The final University of Michigan June Consumer Sentiment Index came in at 85.5, below the 86.4 preliminary and 86.5 expected. 5-10 year inflation expectations were unchanged on the preliminary at 2.8% while 1-year expectations were 4.2%, above the 4.0% preliminary and 4.1% expected.  China industrial profits data released on Sunday showed profits up 36.4% in May on a year ago, down from 57.0% in April, reflecting some fading of year-ago base effects that were at their peak in March when profits were up 92.3% yr/yr.

Equities Friday & Weekly

 

It was a good night – and week – for US equities on Friday with the S&P500 closing at a new record high for the second successive day and the VIX at a new post-pandemic low of 15.6 (not quite back to pre-pandemic levels, but pretty close). Financials led Friday’s moves (+1.25%) benefiting both from the announcement after last Thursday’s close that all 28 large US banks had comfortably passed the latest Fed stress tests (so heralding potential fresh share buy-back and/or dividend increases) and the further re-steepening in the US yield curve following the prior week’s dramatic flattening.

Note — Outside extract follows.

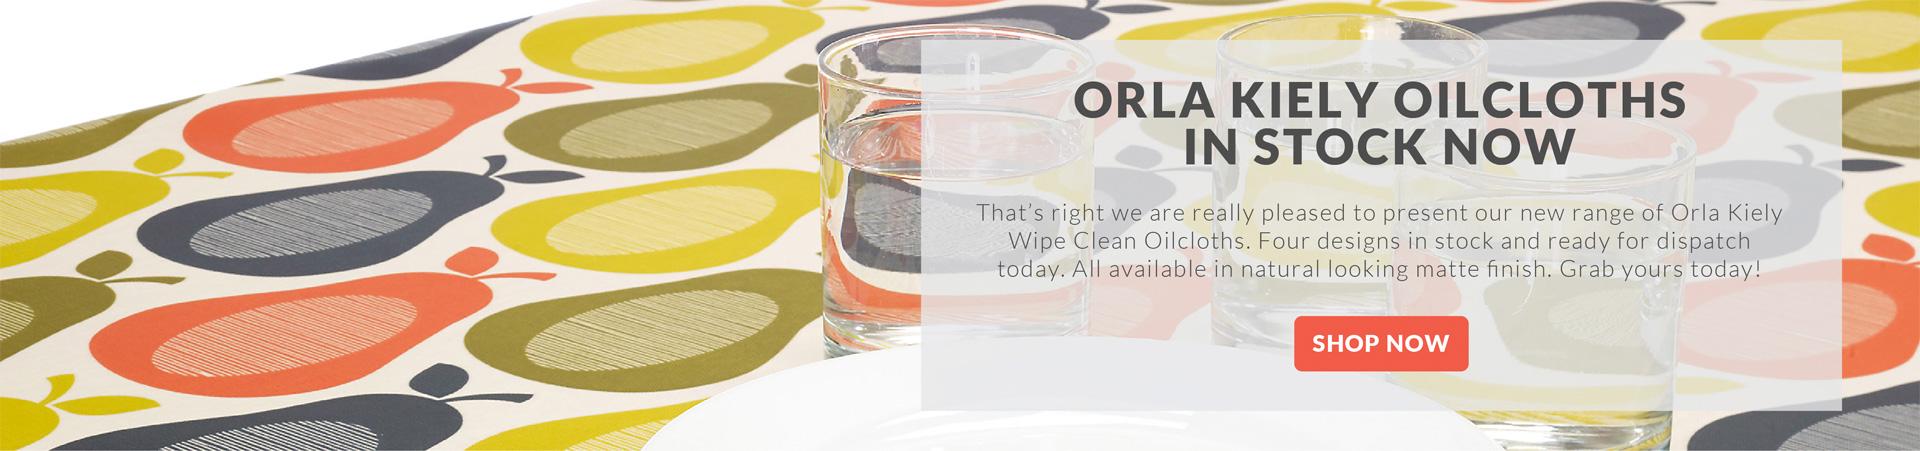 Orla Kiely Oilcloth

The Dow, (+3.44%) S&P (+2.74%) and NASDAQ (+2.35%) were the best three performing major global equity indices last week. The ASX 200 was down on the week due to the impact of some stocks going ex-dividend on Tuesday, but did okay on Friday (+0.5%) despite the latest covid infection news and anticipation of more widespread lockdowns being announced at the weekend, which duly arrived on Saturday with all of Greater Sydney put into lock-down, initially for two weeks.

Bonds Friday & Weekly

 

In bond markets, longer dated yields continues to recover from their prior week’s post-FOMC bashing, with 10-year Treasuries and Bunds both up 3bps, UK gilts +4bps and Italian BTPs +6bps. On the week, US 10s are up 8.5bps, 2s up 1bps and the 30-year +13.5bps. In contrast, Australian 10-year cash bonds lost 3.5bps to 1.56%, narrowing the spread over US10s to some 4bps from 16bps a week before.

FX Friday & Weekly

 

It turned out to be a quiet Friday in currencies with the USD losing a touch (-0.09%) and only the CAD (+0.26%) and NZD (+0.18%) showing much movement. AUD was up just shy of 0.1% and did manage to spend some time above 0.7600 (high of 0.7617) but ended the week at 0.7590, up 1.5% on the prior week’s lows. It has opened s little softer this morning (0.7580) doubtless as market’s asses the economic fall-out from the covid related restrictions announced over the weekend.

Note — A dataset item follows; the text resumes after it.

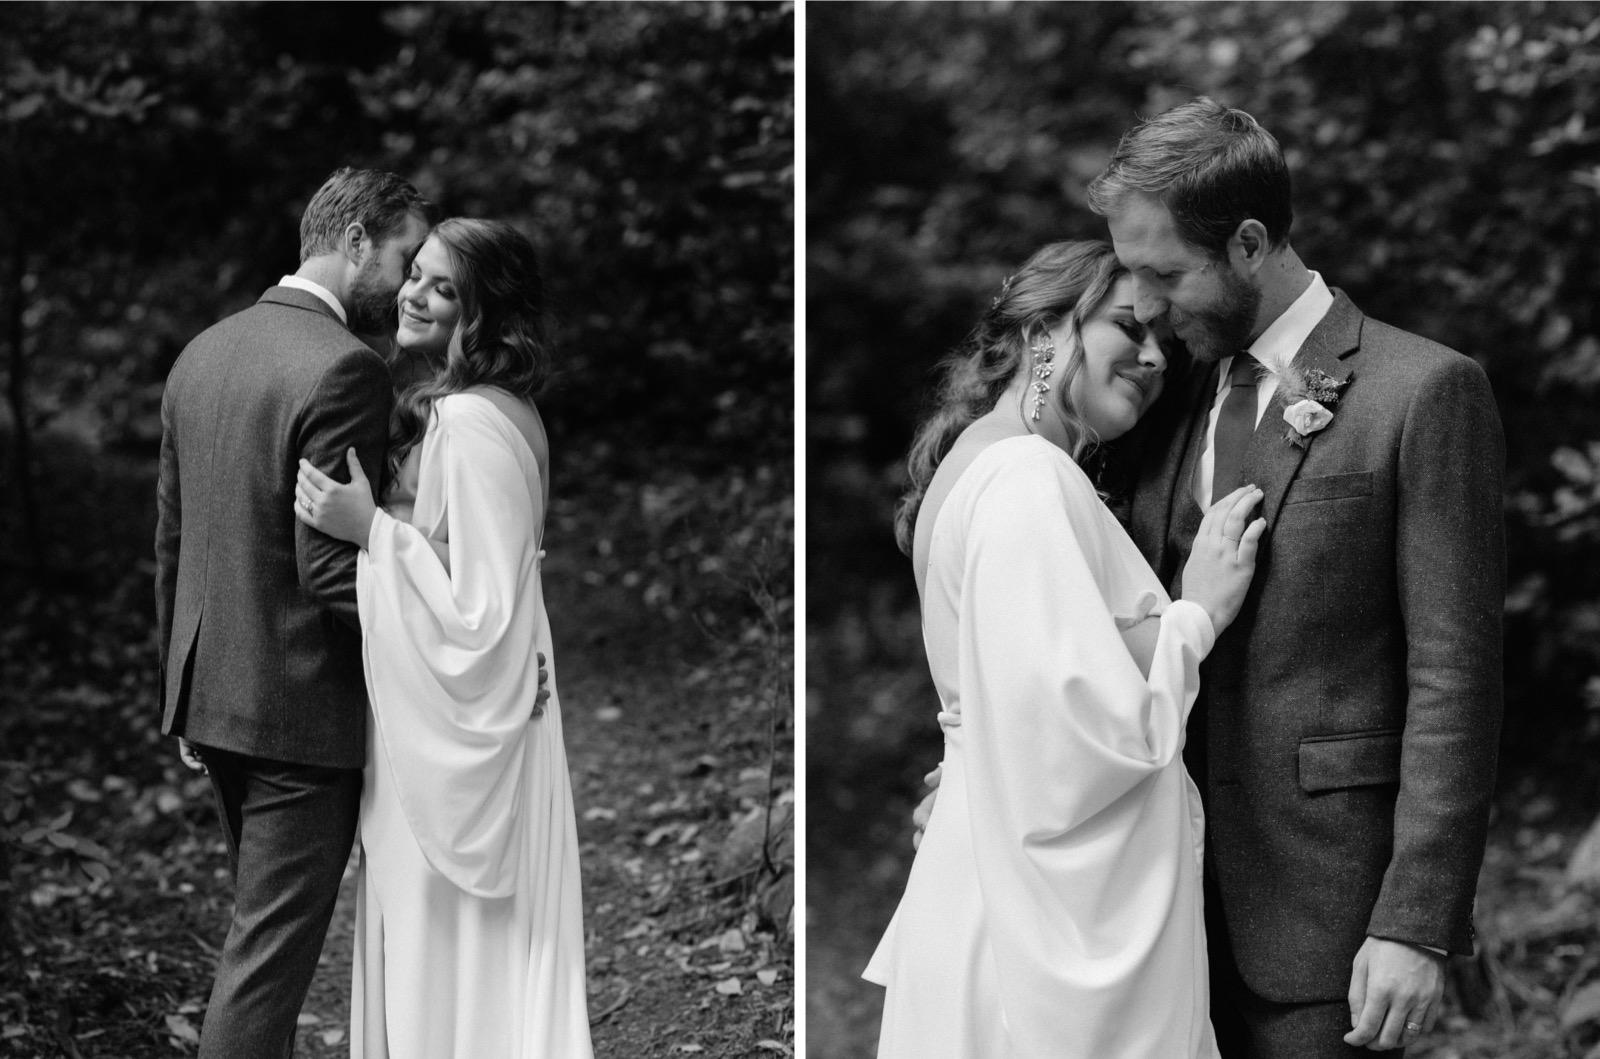 094_Emily & Jeff Wedding 0851_Emily & Jeff Wedding 0846_the-waterfall-lodge_forest_wedding_ben-lomond_intimate

Finally commodities generally did well on Friday, e.g. aluminium up 2%, iron ore futures +2.4% and a 0.8% rise in Brent crude lifting it to $76.18 ahead of this week’ OPEC+ meetings. The LMEX index of base metals closed Friday at its best level in 8 days to be up 3.6% on the week.

Coming Up

  • Progress or otherwise in covid infection containment amid the two-week stay-at-home orders for Greater Sydney will be dominating the headlines locally this week. The outbreak has postponed an event that the RBA Governor was due to present at on Wednesday, meaning we won’t hear from the RBA again until the 6 July Board Meeting. On the data side, a new record trade surplus for May is expected on Thursday, along with Quarterly Job Vacancies which will be watched to further confirm recent labour market strength. There is also plenty of second-tier data including Private Sector Credit on Wednesday and Housing Finance Approvals on Friday.
  • US market focus will, alongside any significant developments on the bipartisan $1tn infrastructure bill, be on the June payrolls report on Friday. Homebase data suggests a very strong Payrolls number of around 1.5m, which is well above the current consensus of 700k. Before Payrolls, Thursday’s Manufacturing ISM is expected to remain high at 61.0, monitored also for what it reveals about supply chain bottlenecks and inflation. There is also plenty of Fed speak, inclusion NY Fed President Williams on Monday.
  • In China, Politics dominate with the 100-year anniversary of the founding of the Chinese Communist Party on Thursday. Data wise Official PMIs are on Wednesday and are likely to be closely watched given some signs of slowing in the monthly activity indicators recently. Manufacturing is expected to be at 50.8 (previous 51.0) and Non-manufacturing at 55.5 (previous 55.2). Later in the week is the Caixin Manufacturing PMI.